Tom Watson has released a video reacting to the news that seven MPs have quit the Labour Party today.
In his statement, the deputy leader describes the decision taken by those seven MPs as “premature” and says this is a “moment for regret and reflection not for a mood of anger or a tone of triumph”.
The MP for West Bromwich East pays special tribute to Luciana Berger, who he calls “one of our most dedicated and courageous MPs”, and accepts that Labour has been “too slow to respond to the shaming scourge of antisemitism in our ranks”.
Watson questions whether Labour is still “perceived” as “patriotic and internationalist at the same time”, concluding that the party must “change” – or “see more days like this”.
He calls on the Labour frontbench to “reflect the balance of opinion in the Parliamentary Labour Party”, adding: “We need to broaden out so that all the members of our broad church feel welcome in our congregation.”
Below is the full text of Tom Watson’s statement.
The instant emotion I felt, when I heard the news this morning that colleagues were leaving Labour, was deep sadness. I’ve devoted my life to this party and I’m proud to serve it, I am hugely disappointed about what has happened. This is a sad day for all of us.

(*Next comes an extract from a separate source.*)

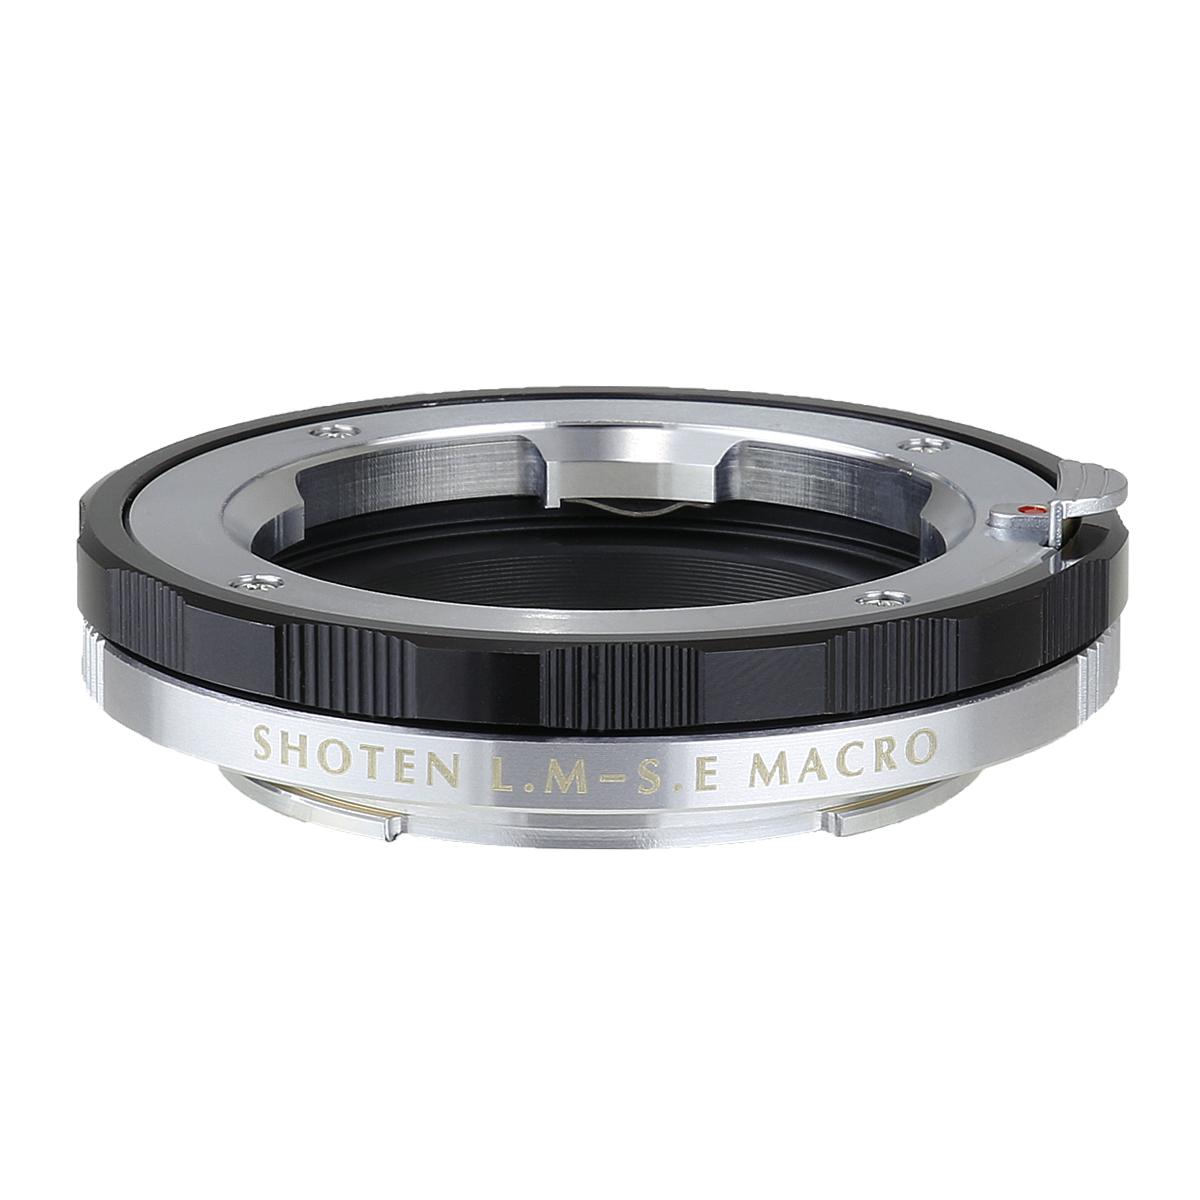 SHOTENマウントアダプター LM-SE M (B) ライカMマウントレンズ - ソニーEマウントカメラ マクロ(ヘリコイド付き) ブラック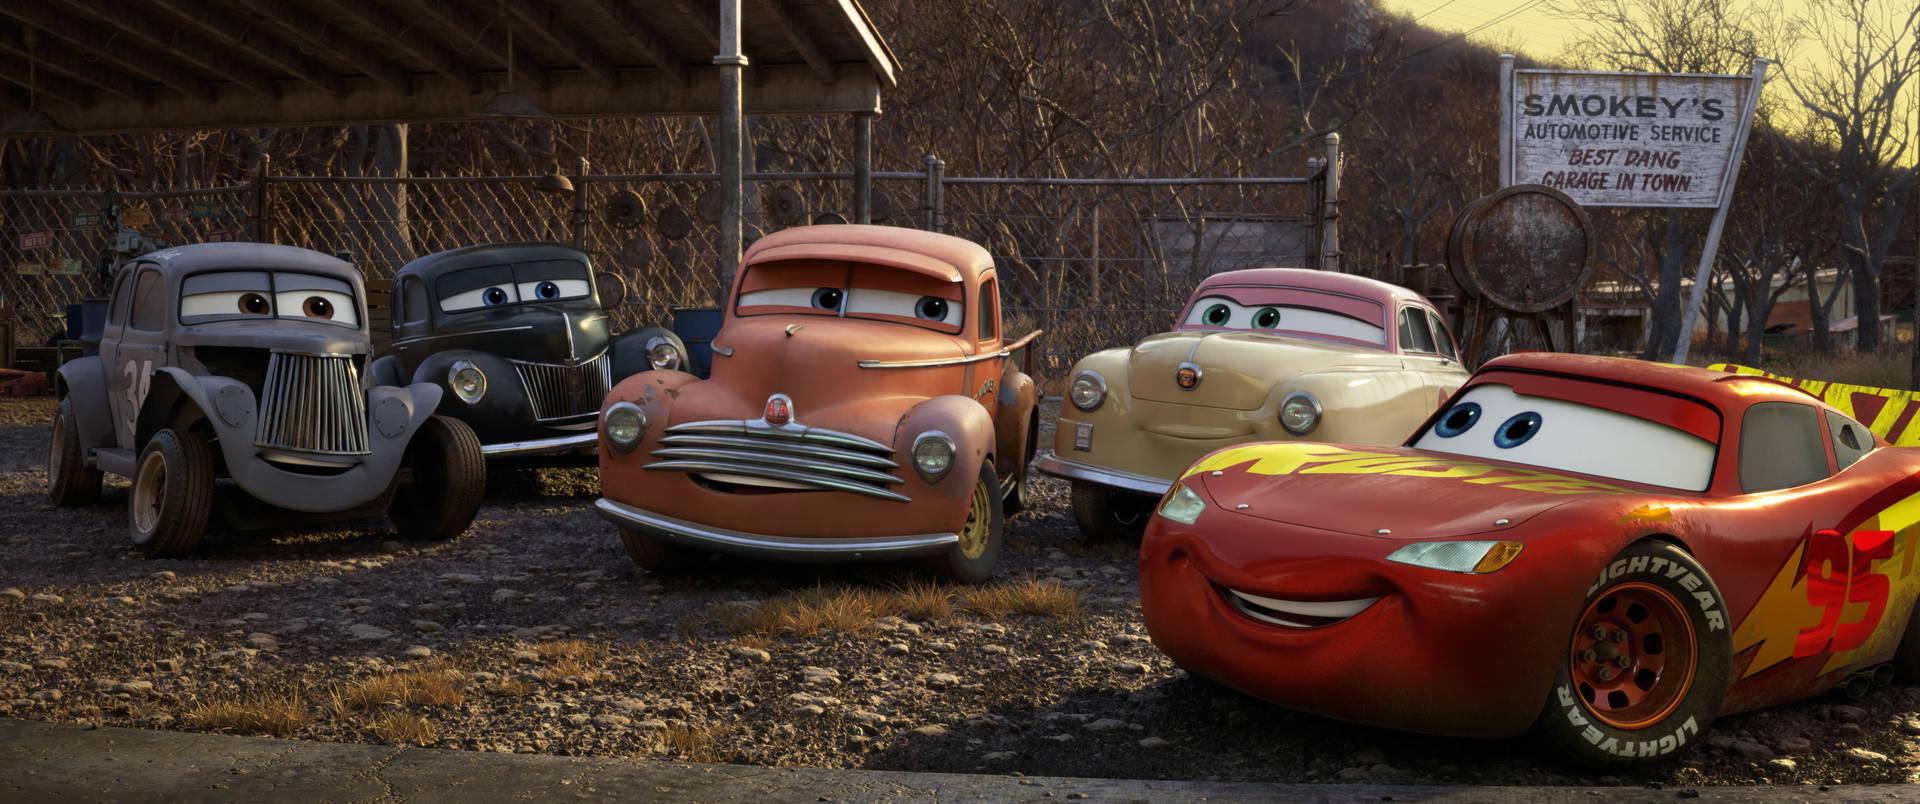 Cars 3 me ha gustado y no por la película, sino por lo que transmite

I think our colleagues have come to a premature conclusion. But this is a moment for regret and reflection, not for a mood of anger or a tone of triumph. There are those who are already celebrating the departure of colleagues with whom they disagree.
The hard left can be too easily tempted into the language of heresy and treachery. Betrayal narratives and shouting insults at the departed might make some feel better briefly but it does nothing to address the reasons that good colleagues might want to leave.
I want to say something in particular about Luciana Berger. In my time in politics I have witnessed many changes but perhaps the most profound of recent times has been the growth of identity politics. I am sad to say that a virulent form of identity politics has seized the Labour Party which today took its first casualty.
I would like to place on record my complete respect for Luciana and my understanding of the decision to which she has been driven. They say antisemitism is a light sleeper. This is certainly a wake-up call for the Labour party.
We were slow to acknowledge we had a problem and even slower to deal with it. Even a single incident of antisemitism in the Labour party shames us. Now we have lost Luciana, one of our most dedicated and courageous MPs.
If someone like Luciana no longer believes there is a home for her in the Labour party then many other colleagues will be asking themselves how they can stay. That’s why time is short for us. To confront the scale of the problem and meet the consequences. To keep others from leaving.
The identity of this party must be tolerant, multi-cultural, generous and welcoming. To put it mildly, we need to be kinder and gentler. I love this party. But sometimes I no longer recognise it. That is why I do not regard those who have resigned today as traitors.
I fear they have left at a critical moment for the country when all our attention should be on solving the Brexit crisis. So I regard them as people who have drawn the wrong conclusion to a serious question.
The historic task of the Labour party is to speak for those citizens who lack a voice. To offer them a stake in the future of the nation.
Last month in a speech to the Fabian Society I said that we needed to develop a programme that will deliver both within and beyond our traditional Labour base. I feared that if we did not do that then “someone else will”.
I confess I feared this day would come. And I fear now, that unless we change, we may see more days like this.
The departure of our colleagues poses a test for our party. Do we respond with simple condemnation or do we try and reach out and extend beyond our comfort zone and prevent others from following?
We know in our hearts we have been too slow to respond to the shaming scourge of antisemitism in our ranks.
Throughout our history this party has been patriotic and internationalist at the same time. But is that a good description of what we are perceived as being today?
We face a government with no majority, no clarity and no leadership, badly failing on the issue of a generation: Brexit. Yet we are losing members and now losing MPs.
This country faces some troubling questions and we have yet to convince the nation that we have the answers. Social democratic and democratic socialist traditions, which has always been the main stream of Labour’s political thought, is where we can find the answers to the current crisis.
That is why in the coming weeks and months I will be working with Labour MPs to develop policies within that tradition to address the challenges of the future. I believe the much-needed modernisation of this nation must come from there.
And that is why the frontbench needs once again to reflect the balance of opinion in the Parliamentary Labour Party. We need to broaden out so that all the members of our broad church feel welcome in our congregation.
It is only if we open out that this party can fulfil its purpose. Labour was formed to give voice to the ordinary people of this nation. It can do so again but only if it stays together.
And it can only stay together if it stands for the whole country. This noble aim brought us all into politics.
I believe in it every bit as much as I did on the day I first joined the Labour party on my fifteenth birthday in 1982. But I say candidly, that my fear is if we don’t do it, someone else will.